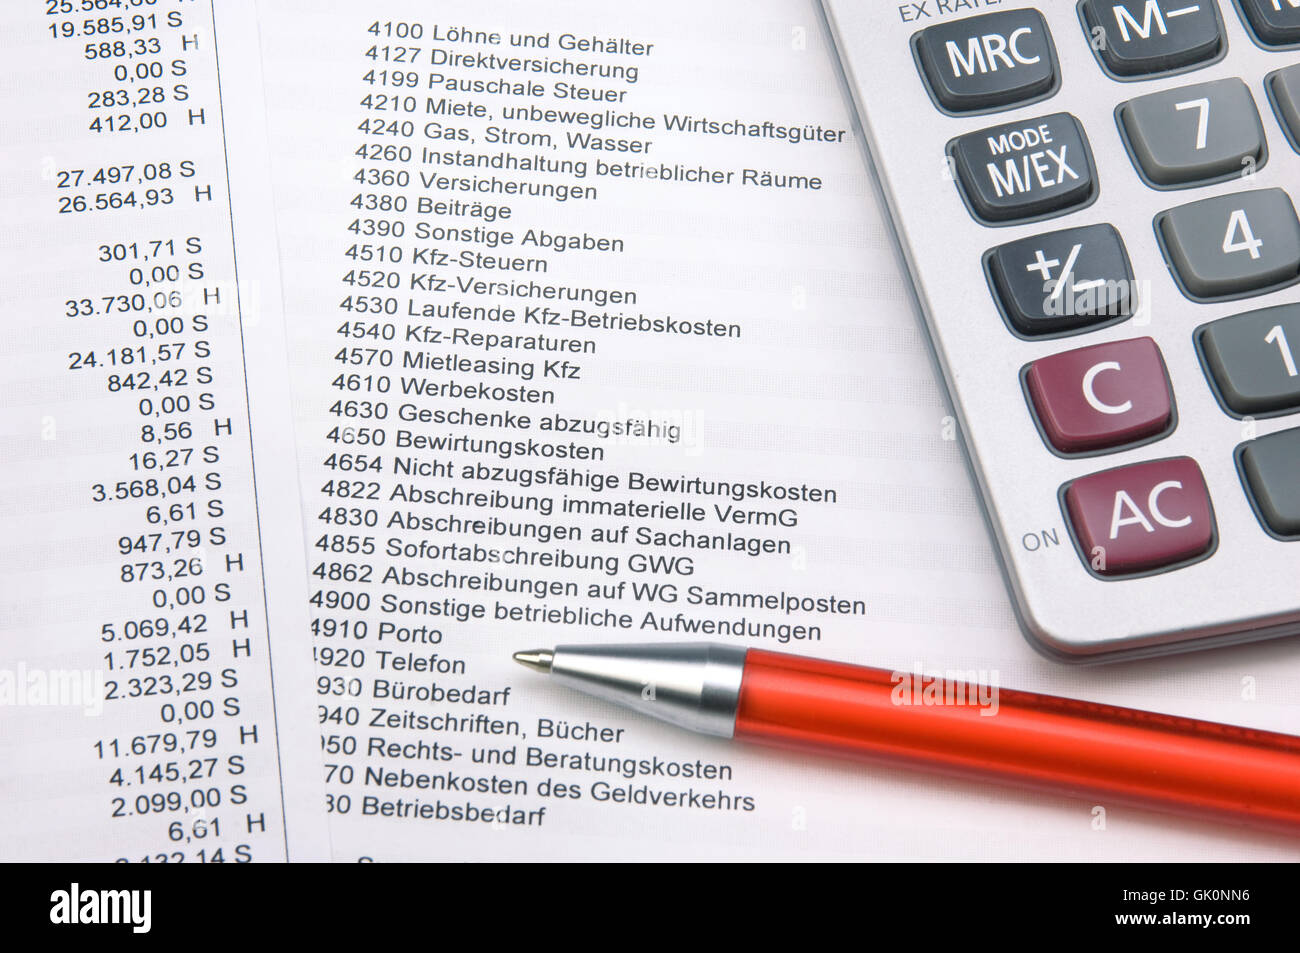 evaluation accounting managerial-economics Stock Photo
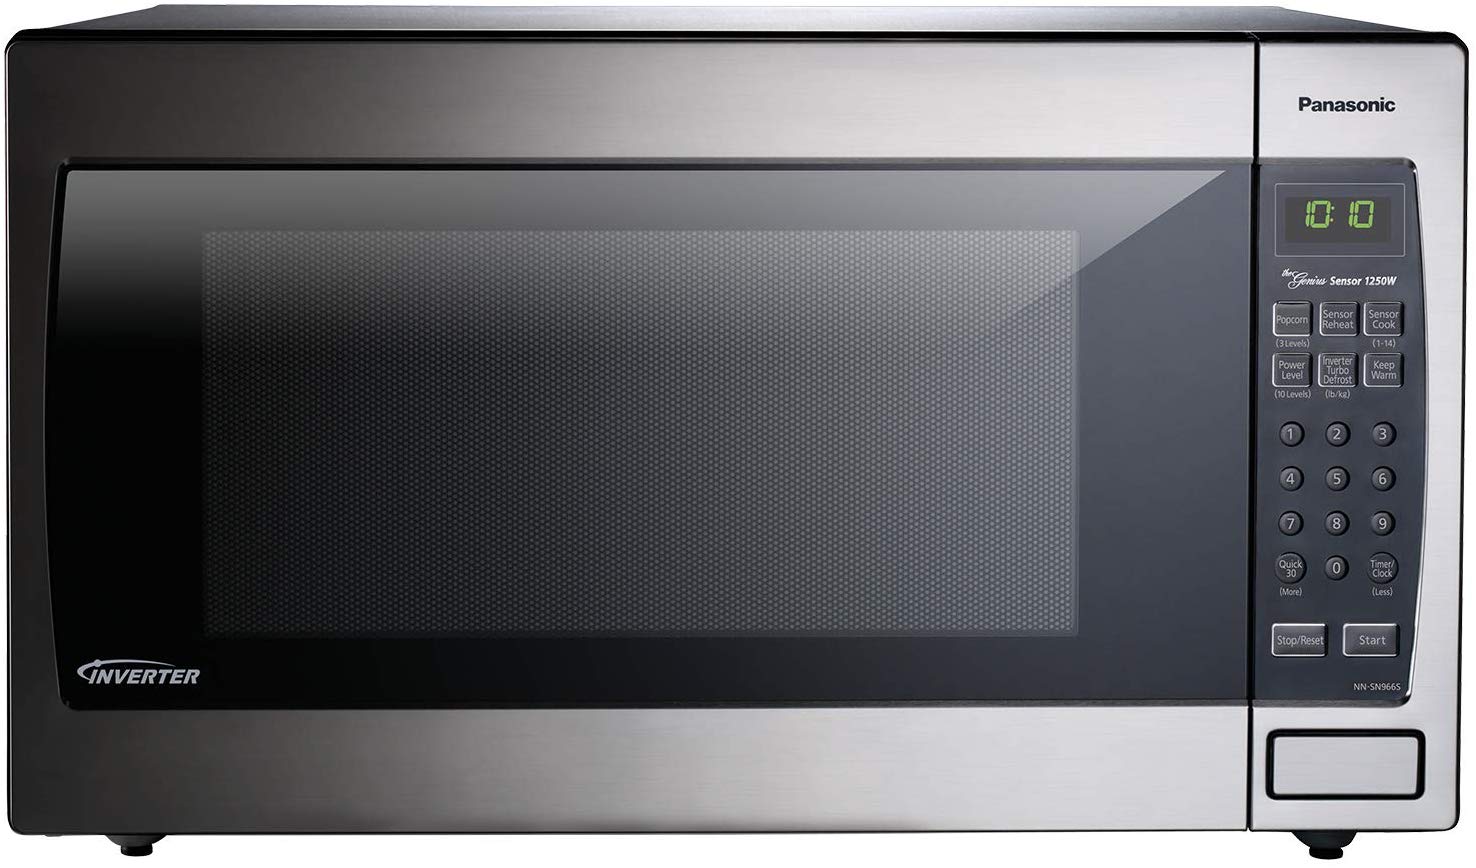 Panasonic SN966S Countertop Microwave
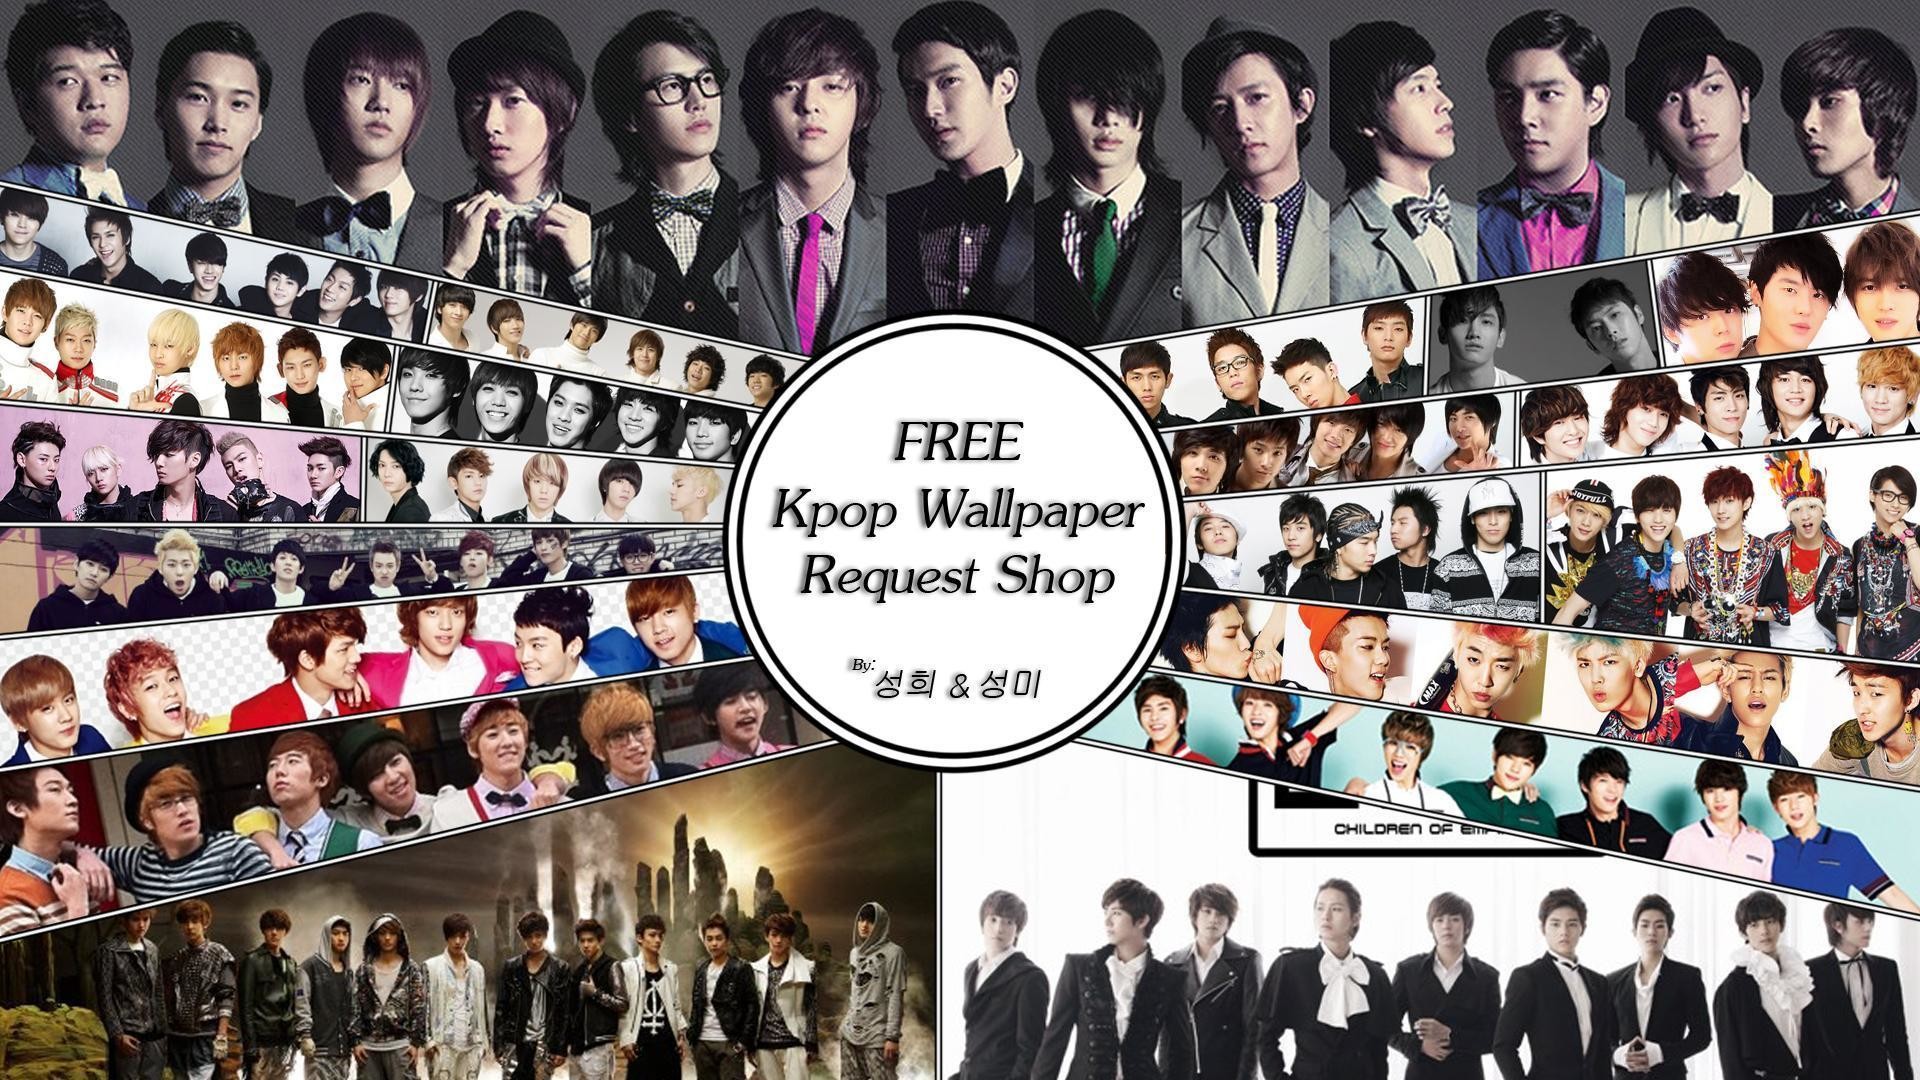 kpop wallpaper,soziale gruppe,collage,kunst,veranstaltung,fotografie

* * *

**What is expected**:
The answer must be the full listing above, copied exactly, with no pictures in it.

**Output below**:
 evaluation accounting managerial-economics Stock Photo
 Panasonic SN966S Countertop Microwave
 kpop wallpaper,soziale gruppe,collage,kunst,veranstaltung,fotografie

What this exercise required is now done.